CBP was wrong to exclude certain motor frame assemblies from entry to the U.S. as "drug paraphernalia" since the goods, which will be used to make a marijuana processing machine, are legal in the states of Washington and Nevada, importer Eteros Technologies USA said in a June 11 complaint in the Court of International Trade. Eteros claims that there is an exemption to the law that bans the import of drug paraphernalia when a person who is allowed by local, state or federal law to "manufacture, possess or distribute 'drug paraphernalia.'" CBP has consistently failed to recognize this exemption, Eteros said (Eteros Technologies USA, Inc. v.

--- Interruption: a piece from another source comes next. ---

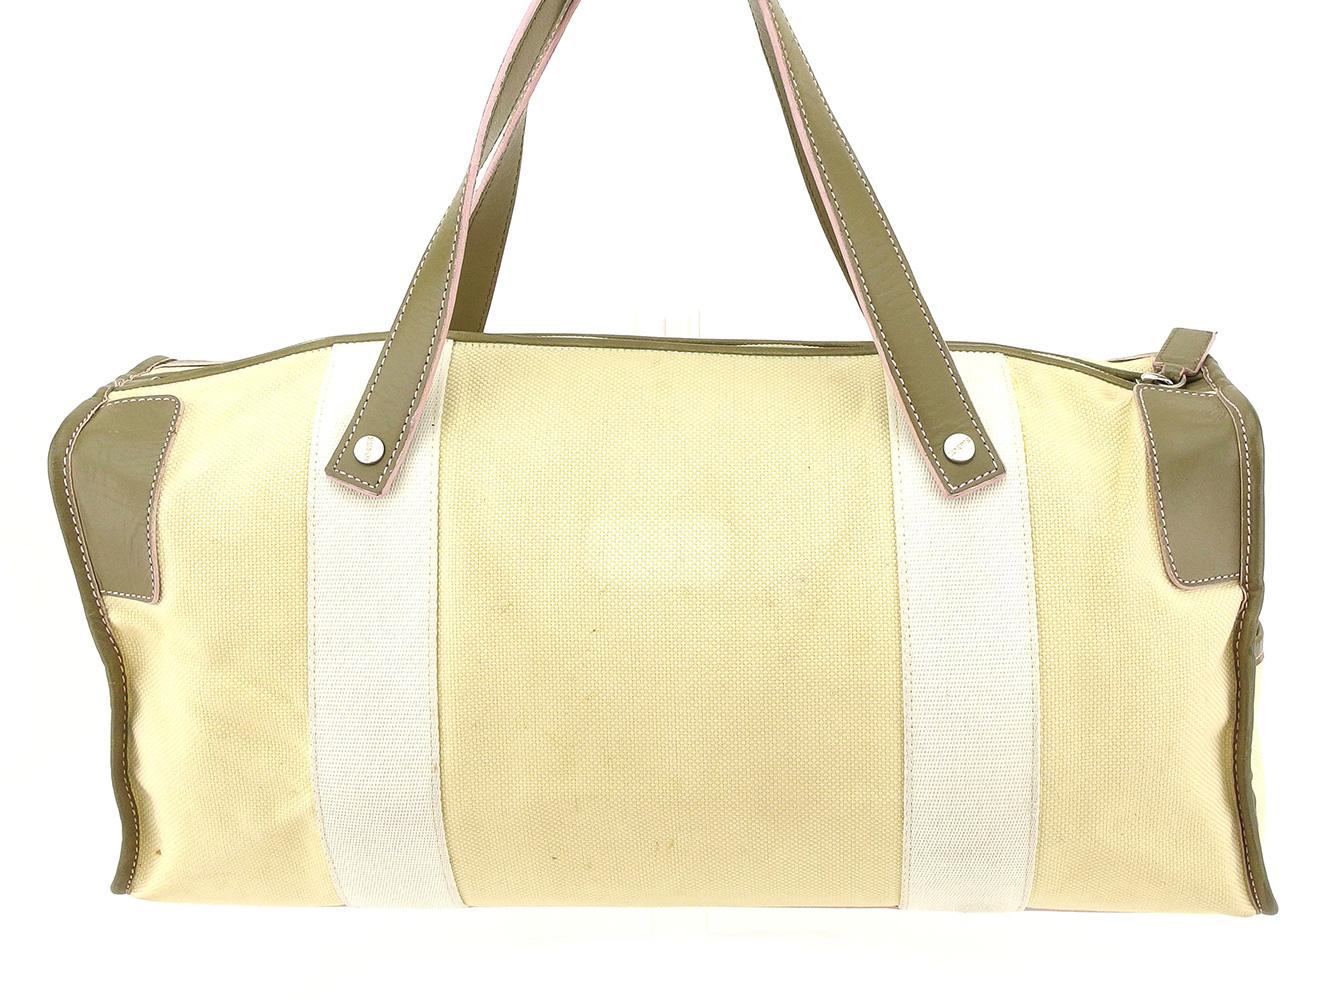 Loewe LOEWE handbag mini-Boston bag Lady s logogriph beige green white  White Russian canvas X leather popularity sale T7787 df91674735b03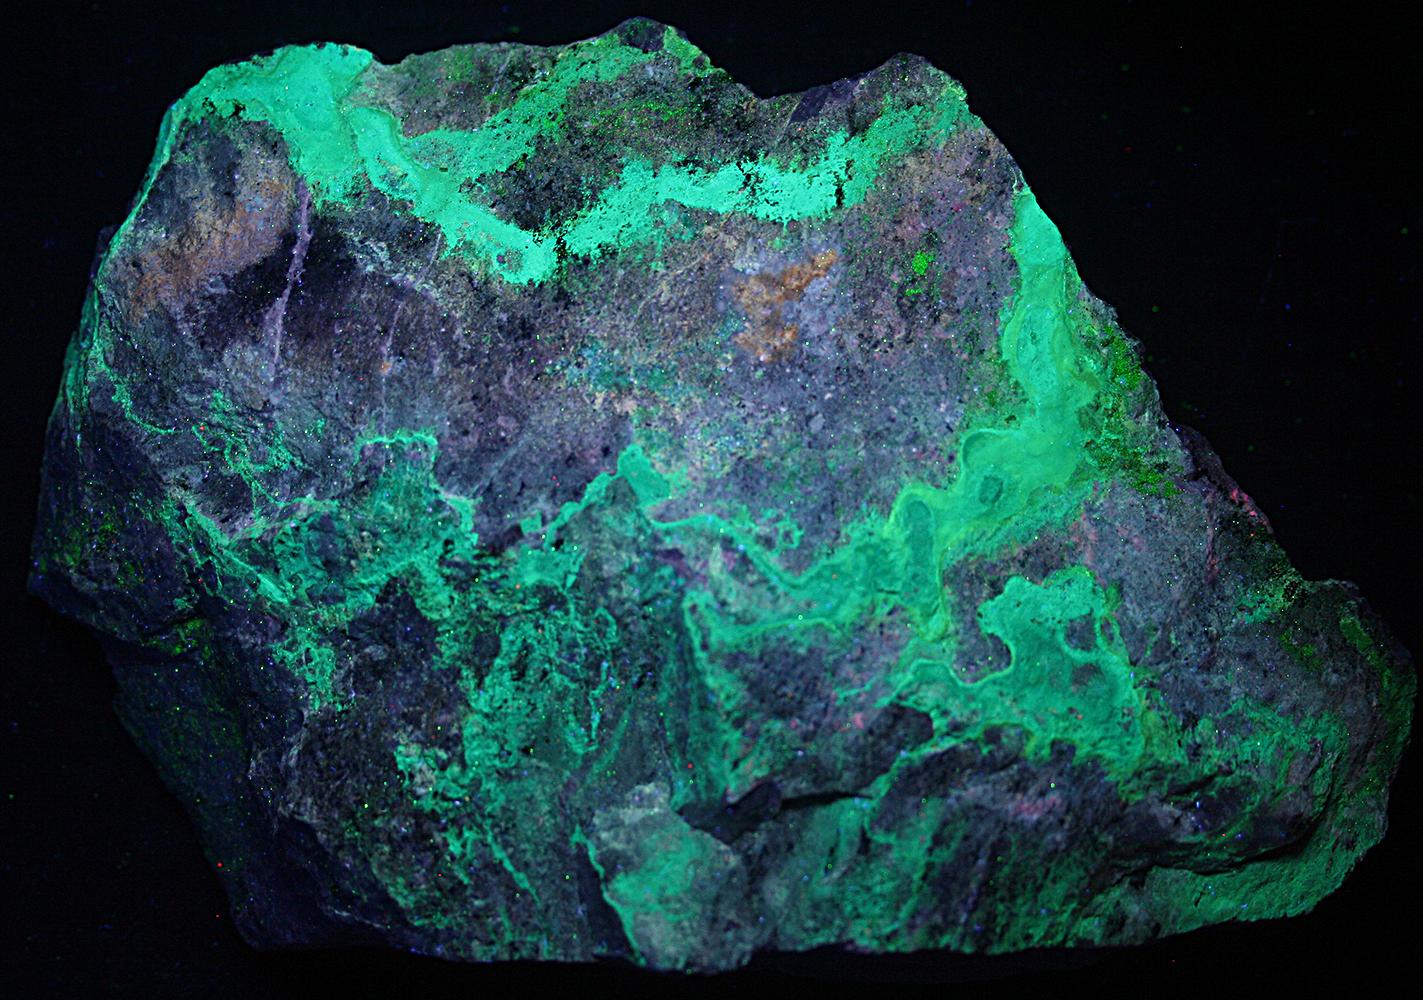 Znucalite coating on calcite from Sterling Hill Mine North ore body, Ogdensburg, NJ under shortwave UV Light

United States, CIT #21-00287).
The Court of International Trade found again that President Donald Trump violated procedural time limits when expanding Section 232 tariffs to steel and aluminum “derivatives,” in a June 10 decision. Citing CIT's prior case on the topic, PrimeSource Building Products Inc. v. United States (see 2104050049), Judges Jennifer Choe-Groves and Timothy Stanceu awarded refunds for tariffs paid to steel fastener importers Oman Fasteners, Huttig Building Products and Huttig Inc. In Oman Fasteners, LLC. et al. v. United States, the court ruled that the president illegally announced the tariff expansion after the 105-day deadline laid out by Section 232, but denied the plaintiff's other two claims, without prejudice, on the procedural violations of the tariff expansion. The panel's third member, Judge Miller Baker, concurred in part and dissented in part.
The following lawsuits were recently filed at the Court of International Trade:
The Court of International Trade should stay liquidation of PrimeSource Building Products' imports of steel "derivatives" and reinstate the requirement of PrimeSource to monitor future derivative imports and maintain a sufficient continuous bond, pending an appeal of the steel derivative decision, the Department of Justice said in a June 9 filing.
JSW Steel (USA) is accusing three U.S. steelmakers of a conspiracy and group "boycott" to hinder JSW's ability to make and sell competing steel products, according to a June 8 complaint in the U.S. District Court for the Southern District of Texas. Following the imposition of Section 232 tariffs on steel and aluminum in 2018, JSW claims U.S. Steel, Nucor and AK Steel owner Cleveland-Cliffs, which control 80% of domestic steel capacity, colluded to refuse to sell raw material to JSW.